In the Old Testament, the ancient Israelites were warned that too rigid a view of financial obligations is cruel and socially divisive. Aristotle added another essential objection. The ancient Greek philosopher pointed out that monetary wealth can keep on increasing forever — unlike our appetite for the things that money can buy. Yet while the worldly infinity of finance is alluring, it is ultimately false. Money has no human meaning on its own, but only when it serves a meaningful purpose.
The risks of inhumane finance may be eternal, but the Pope is also alluding to a more modern problem – the treatment of finance as a sort of god, and financiers as its priests. Consider four manifestations of the quasi-religious approach.
First, the magical expectations of finance. Too many people, and too many governments, imagine that some arrangement of the financial system — this monetary and fiscal policy mix, that sort of mortgage, this stock market, that collection of derivatives — will generate durable wealth or economic justice.
Second, think of the awe which surrounds the industry. The economic forecasts of financial professional are rarely right, but they receive the sort of respect once given to (equally inaccurate) oracles of divinity. The pronouncements of leading financiers, from George Soros to Warren Buffett, are taken seriously simply because these people have made lots of money in the financial markets. Political leaders tremble at the judgements of financial markets.

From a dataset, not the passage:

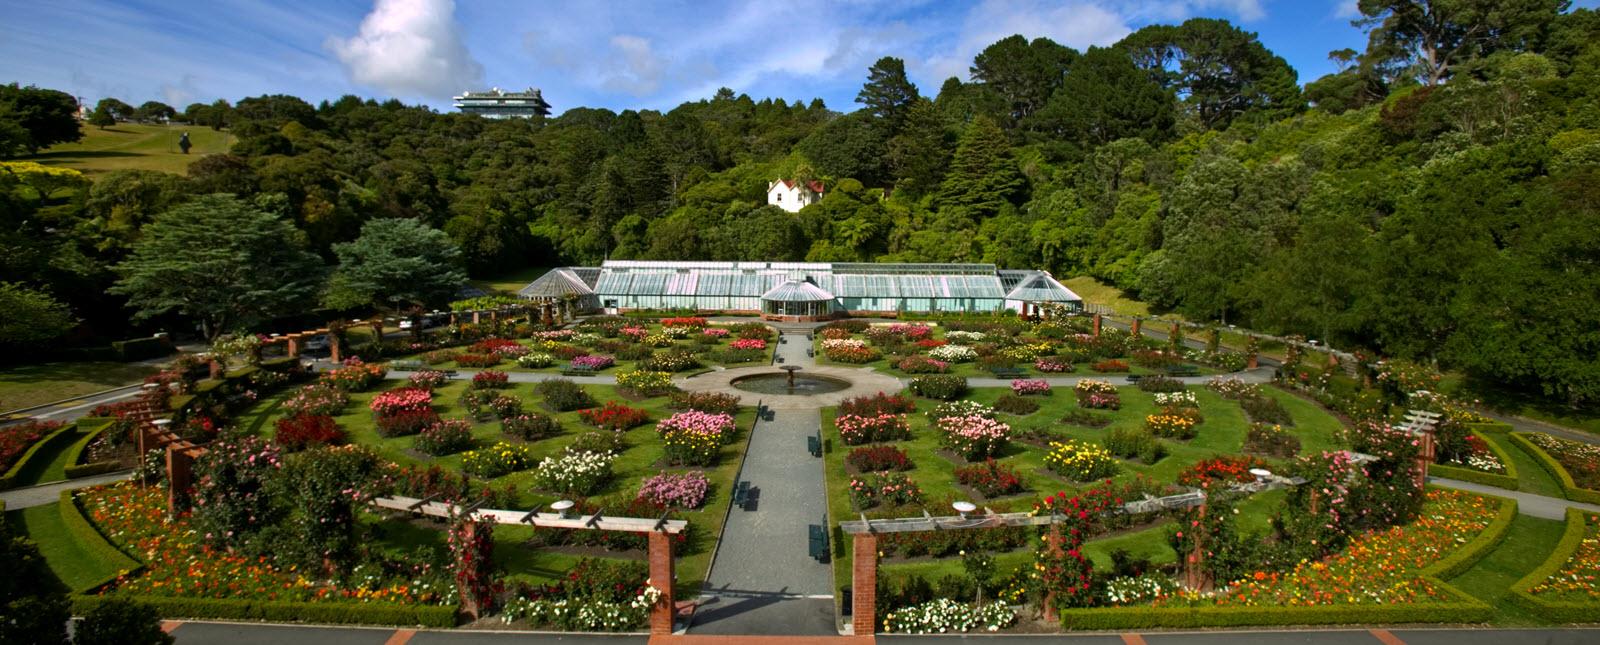 Botanic-Garden-Lady-Norwood-Rose-Garden-1600x645.jpg

Third, consider the treatment of central banking as an activity beyond normal human understanding. A few decades ago, these financial practitioners were considered too elevated to be politically accountable. More recently, faith in central bank independence has been shaken: but it has not been destroyed by their abysmal record before the financial crisis. Indeed, Ben Bernanke and his peers have been given more power — and only a little more supervision from the mere mortals who have won elections.
Finally, despite much anti-banker rhetoric, the world continues to shower its own rewards on the high priests of finance. Thomas Philippon, a professor at New York University, has shown that the share of U.S. national income dedicated to finance has fallen only slightly since the crisis, when it was at its highest since records began in 1865. The profession’s leaders are amazingly well paid. The average income per head at Goldman Sachs in 2011, a grim year for the leading investment bank, was $354,000, or about nine times higher than the national average. Philippon estimates that about a quarter of the financiers’ total income is unmerited. I suspect he is much too kind to the financial world.
In an ethical economy, none of this is right. Money can seem to make money for a while, but no amount of financial alchemy can generate real wealth. Financial professionals and financial markets are fallible. Central banking is inherently political. And the temple offerings to finance, in the form of inflated salaries, are excessive.
Still, finance should not be condemned as entirely evil. The modern industrial economy relies on money, credit and the hurly burly of investment to function. For all its flaws, the current financial system is more efficient and flexible than alternative means of gathering and allocating economic resources such as barter or rationing. At its best, and when it works, the business of banking and investment promotes the common good: it creates solidarity among savers and borrowers and rewards both daring and prudence. Lloyd Blankfein, chairman of Goldman Sachs was not entirely wrong to claim that his firm did “God’s work”.
Indeed, at the bottom of the economic ladder, people need more, not less, finance. Financial inclusion of the sort endorsed by the G20 finance ministers last week is desirable. But at the top of the ladder, the industry needs what students of religion call desacralisation. The modern incarnation of the Israelites’ golden calf should be stripped of the trappings of holiness. It is better for finance to serve the genuine economic good on earth than to aspire to an unmerited place in heaven.